DATA PROVIDED:
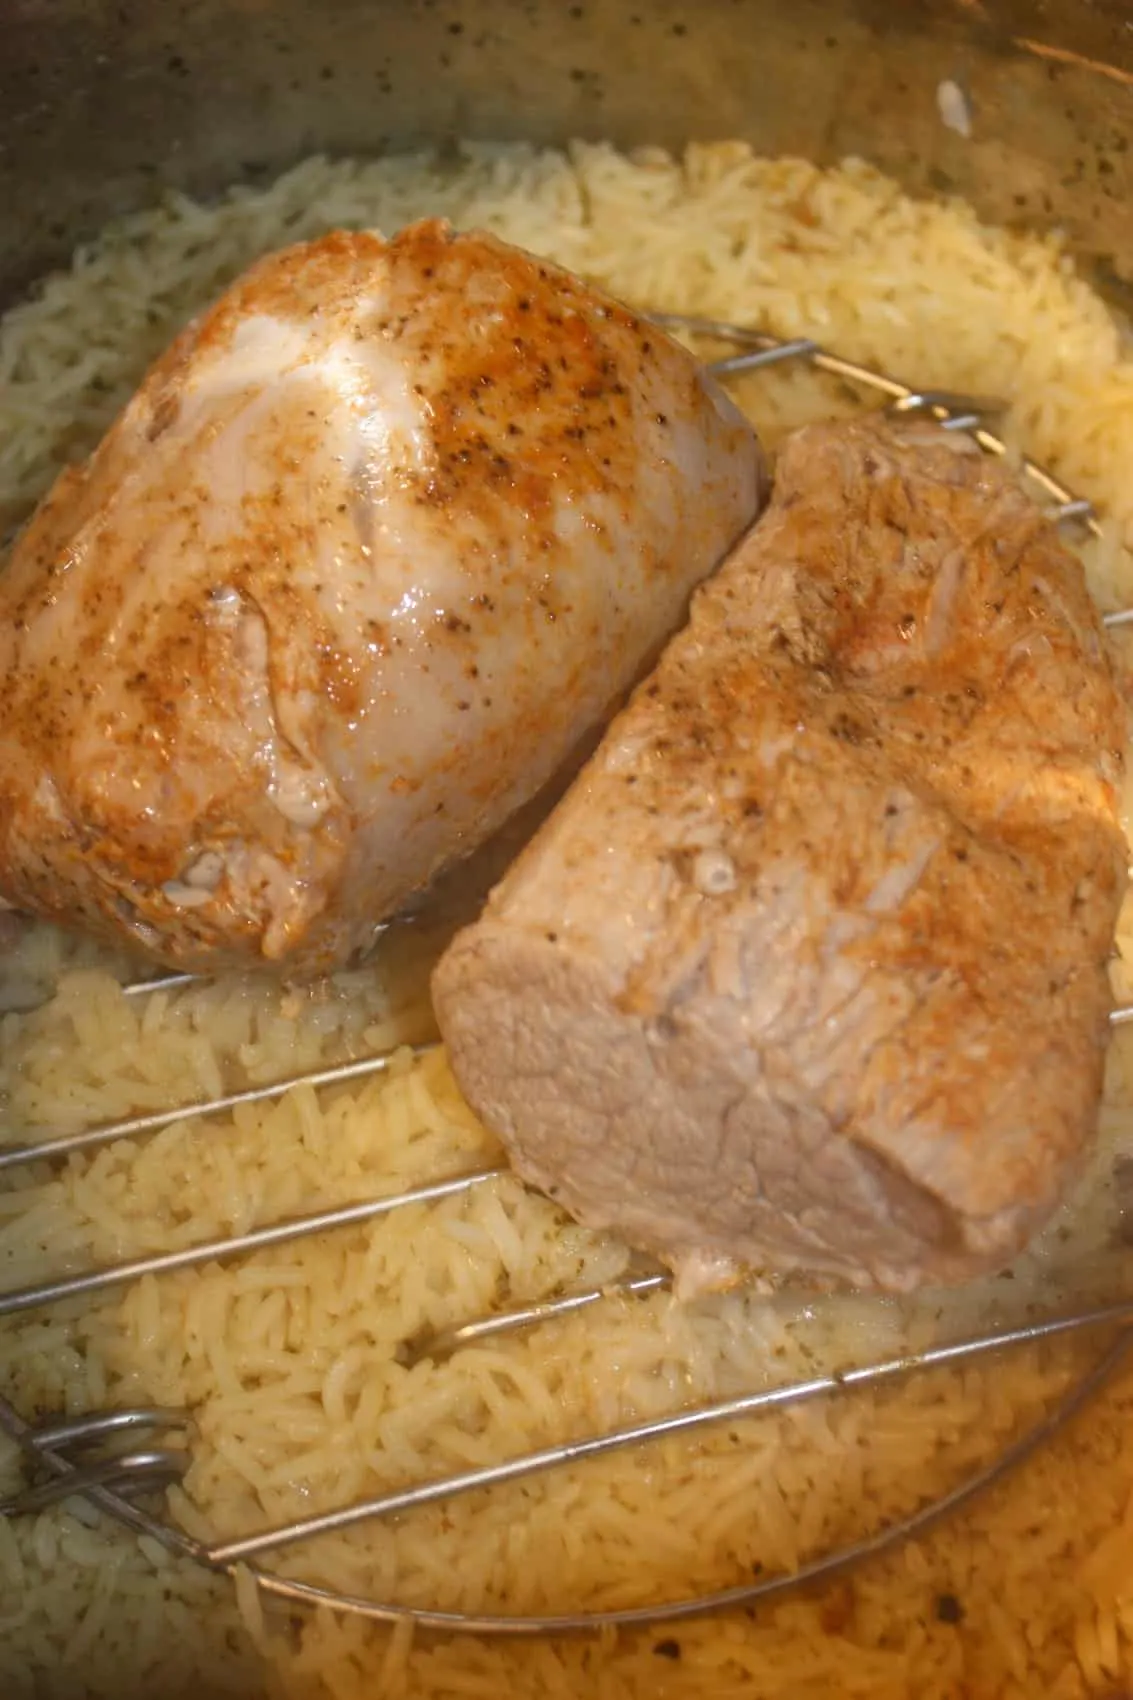 Instant Pot Pork Tenderloin and Rice is a simple meal that can be dressed up easily for any special occasion.
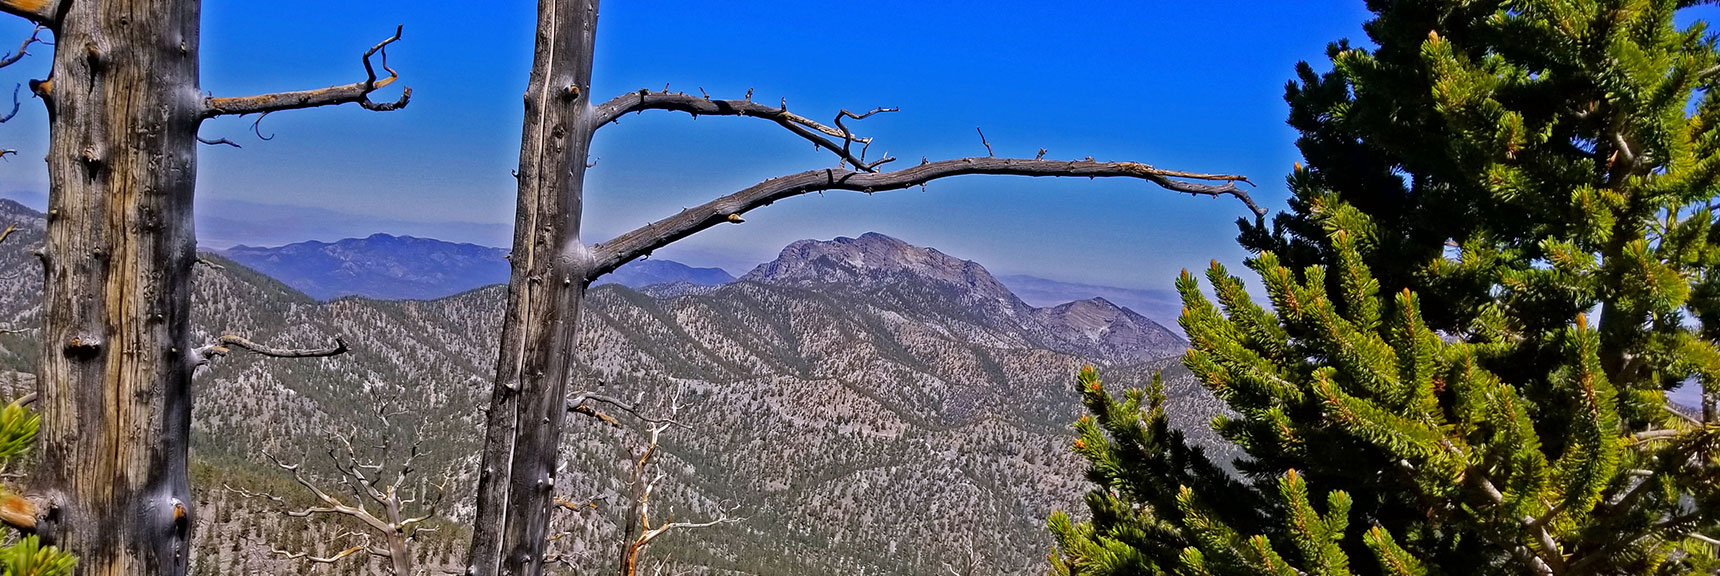 Higher View of McFarland Peak While Closing in on High Ridge Summit of Lee/Kyle Canyons | Lee to Kyle Canyon | Foxtail Approach | Mt Charleston Wilderness | Spring Mountains, Nevada
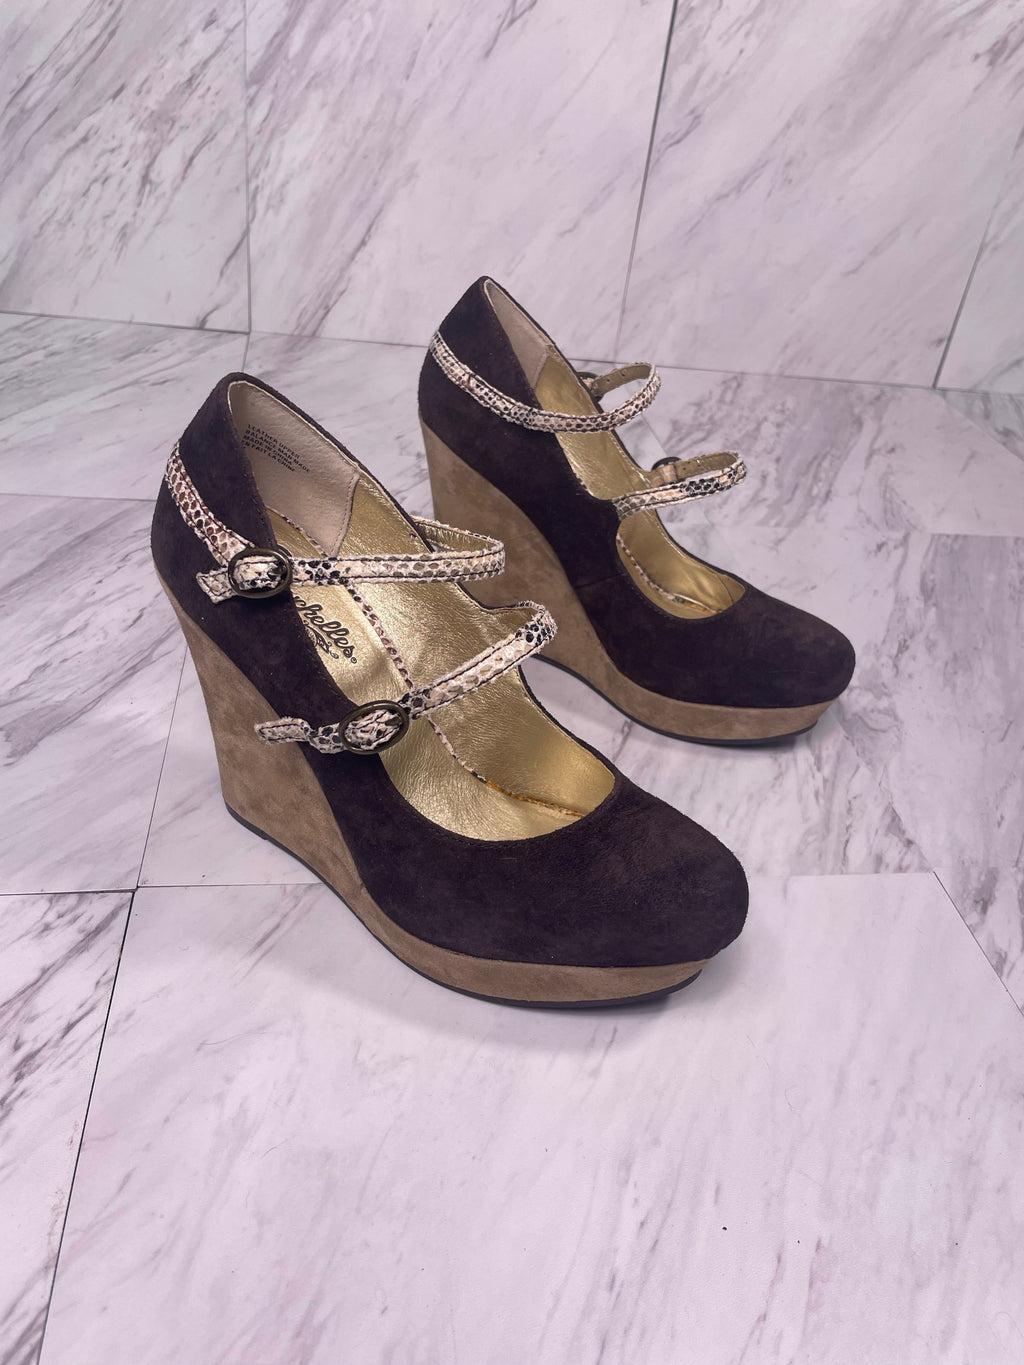 Seychelles brown suede wedges, Size 7

AIM OF THE EXERCISE: With pictures excluded, the data must be transcribed in full and to the letter.

WRITTEN ANSWER:
 Instant Pot Pork Tenderloin and Rice is a simple meal that can be dressed up easily for any special occasion.
 Higher View of McFarland Peak While Closing in on High Ridge Summit of Lee/Kyle Canyons | Lee to Kyle Canyon | Foxtail Approach | Mt Charleston Wilderness | Spring Mountains, Nevada
 Seychelles brown suede wedges, Size 7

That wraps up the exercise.